Con una Eucaristía y una jornada formativa la Asociación de Educadores católicos conmemoró el Día del Educador Católico, la misma inició con la celebración de la Eucaristía.
Durante la celebración, el arzobispo de Cochabamba, Mons. Oscar Aparicio, invitó a los educadores a redescubrir la esencia de su vocación, afirmando que la misión educativa solo puede comprenderse plenamente desde la fe.
"Como educadores católicos, si no miramos nuestra historia con ojos de fe es poco lo que podemos hacer; si no leemos nuestra identidad con ojos de fe, es poco lo que podemos hacer", expresó.
El prelado recordó que el primer deber de un educador católico es mantener una profunda relación con Dios y transmitirla a las nuevas generaciones.
"Lo primero que un educador católico debe hacer es apoyarse en Dios y darlo a conocer. Ustedes tienen al mando a tantos jóvenes; no pueden olvidarse de esto, hermanos y hermanas", señaló.
Mons. Aparicio destacó que la educación católica no puede reducirse únicamente a la transmisión de conocimientos, sino que tiene como fundamento el anuncio de Jesucristo y la formación en la fe. "Si educamos, educamos en la fe sobre todo; somos parte de una comunidad, somos Iglesia, con una identidad apoyada en Jesús y apoyada en Dios", afirmó.
Asimismo, recordó que los educadores no trabajan de manera aislada, sino como miembros de la Iglesia, llamados a realizar su misión en nombre de Cristo y al servicio de la comunidad.
Mons. Iván Vargas los anima a vivir su vocación con compromiso
Posteriormente, el obispo auxiliar de Cochabamba, Mons. Iván Vargas, invitó a los docentes a redescubrir su identidad y vocación como maestros católicos.
Durante su intervención, señaló que el desafío principal consiste en no reducir la labor educativa a una función laboral, sino comprenderla como una auténtica vocación de servicio.
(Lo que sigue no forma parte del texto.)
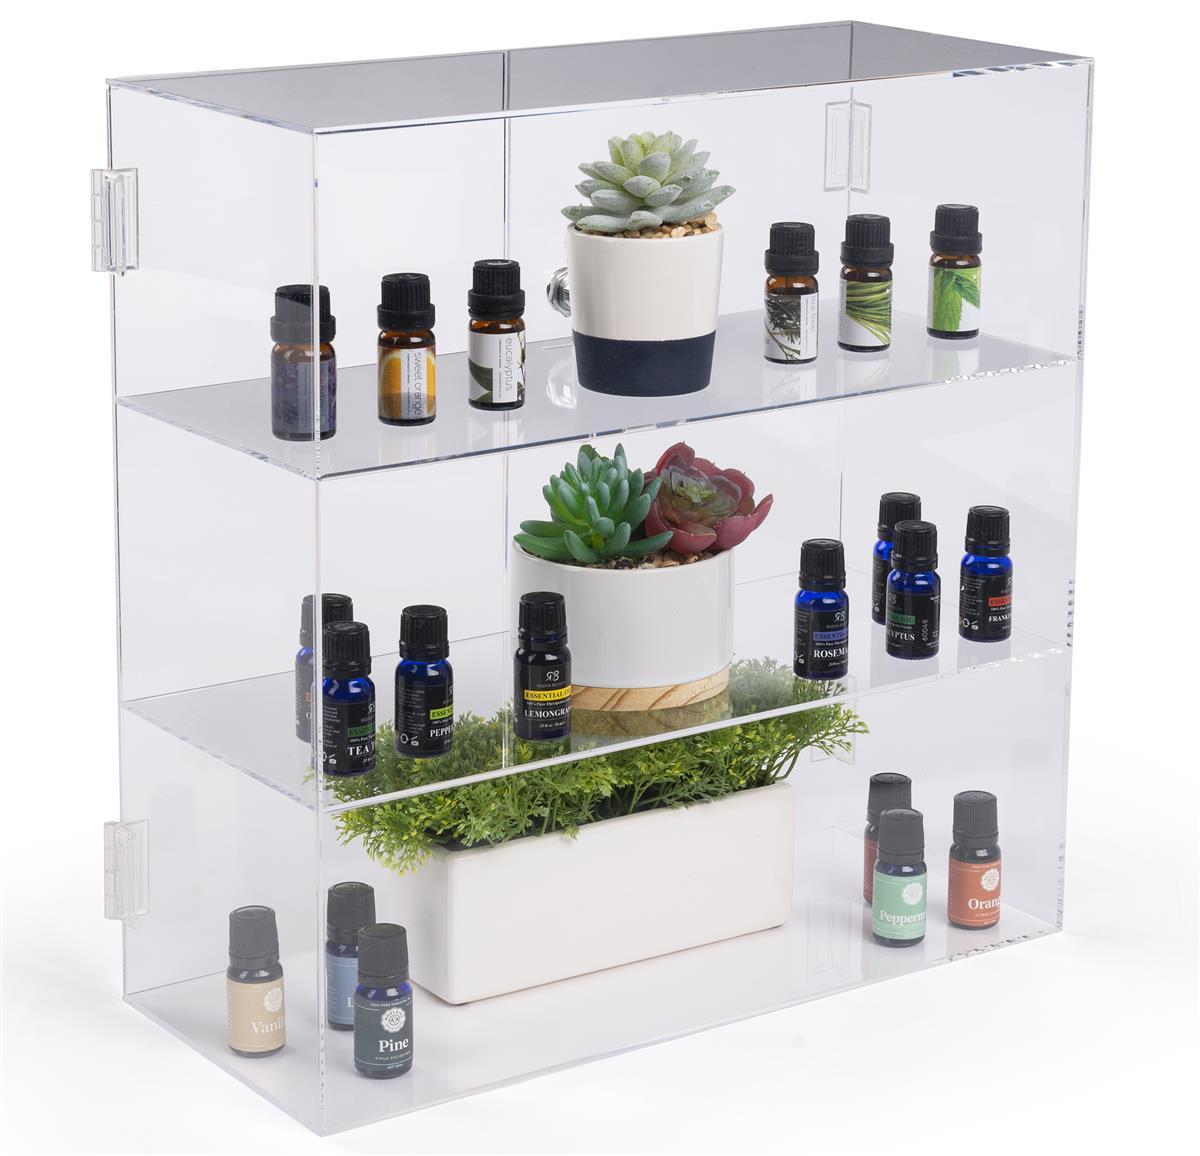 Acrylic Display Case - Hinged Doors & 2 Shelves

"No somos funcionarios; somos profesores o maestros por vocación, e incluso por vocación divina", afirmó.
Mons. Vargas destacó que un verdadero educador no solo transmite conocimientos, sino que forma corazones y transforma vidas, acompañando el crecimiento humano y espiritual de sus estudiantes.
El Obispo Auxiliar también animó a los maestros a asumir con responsabilidad los desafíos que plantea el avance de la tecnología y la constante necesidad de actualización profesional, invitándolos a participar en procesos permanentes de formación e investigación para responder mejor a las necesidades de las nuevas generaciones.
Finalmente, recordó una enseñanza del papa Francisco al definir al maestro como "un artesano de humanidad", porque tiene la misión de moldear, acompañar y hacer crecer a cada estudiante, ayudándolo a desarrollar plenamente sus capacidades y valores.
"Por nuestras manos pasan estudiantes que, con dedicación, esfuerzo y amor, pueden convertirse en verdaderas joyas para la sociedad", expresó.
Al concluir su mensaje, Mons. Iván Vargas agradeció el compromiso de los educadores católicos de Cochabamba por transmitir, además de conocimientos, los valores del Evangelio en las aulas, alentándolos a continuar su misión con entusiasmo y fidelidad.
La jornada concluyó con un renovado compromiso de los educadores de seguir formando a las nuevas generaciones desde la fe, el servicio y la esperanza, respondiendo al llamado de la Iglesia de ser auténticos testigos de Cristo en el ámbito educativo.